Или: «Столько времени прошло, а ничего не поменялось!»

Великолепнейший роман Шарля де Костера «Легенда об Уленшпигеле» был прочитан в далеком советском отрочестве. Незнание или непонимание в силу возраста нюансов исторического контекста приводили к определенным сложностям восприятия, к тому же произведение изобилует аутентичными, без перевода на русский язык, именами, топонимами, названиями питий и яств и т.д. Тем не менее, книга и тогда произвела неизгладимое впечатление. Чего стоят «детские игры» инфанта Филиппа, сжигающего на медленном огне «еретика» — подаренную королю маленькую обезьянку. Или описания пирушек, где реки пива и вина заедаются приготовленными на вертеле каплунами, брабантскими кровяными колбасками, нежной форелью и рагу из петушиных гребешков в пряном соусе.

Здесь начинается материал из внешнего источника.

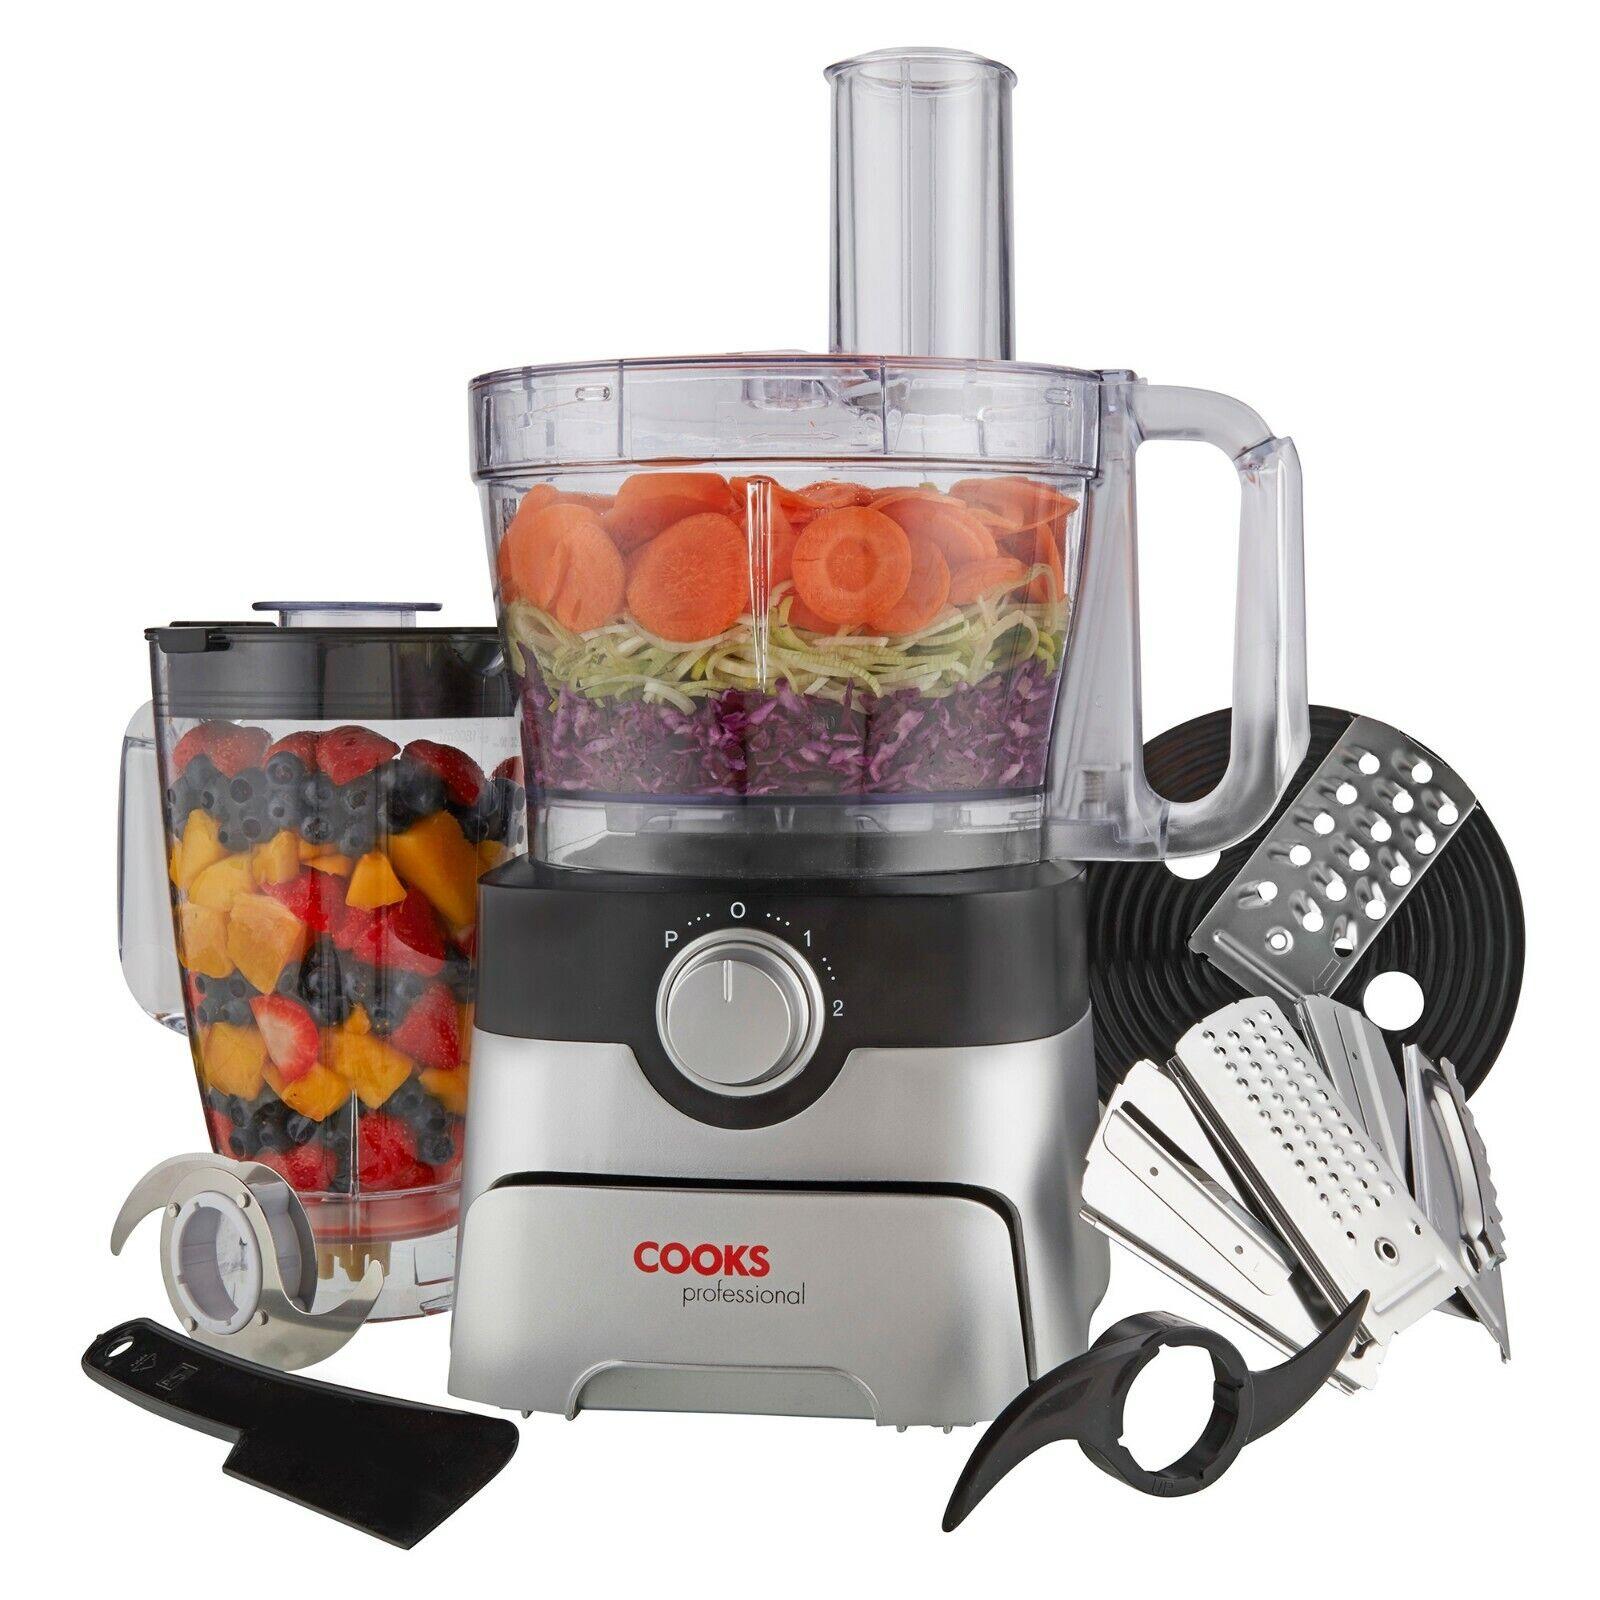 Cooks Professional 1000W Food Processor Kitchen Blender ...

Сейчас, перечитав этот бесспорный литературный шедевр, я вдруг окончательно осознал, что мы и Запад никогда не придем к единому ментальному знаменателю – настолько сильно и настолько давно мы разные.

Книга повествует о событиях шестнадцатого века, когда Европу охватила Реформация. «Гегемон» того времени, Священная Римская империя, в лице императора Карла V Габсбурга, пытается сохранить своё могущество и поправить расстроенные финансы – извечная проблема всех венценосных особ. Карлу наследует сын Филипп, религиозный фанатик, уверенный в своей божественной миссии – уничтожить всех еретиков и очаги ереси. По совершенно случайному совпадению, королю такими очагами видятся богатые фламандские города. Но для грабежа и резни необходим формальный повод.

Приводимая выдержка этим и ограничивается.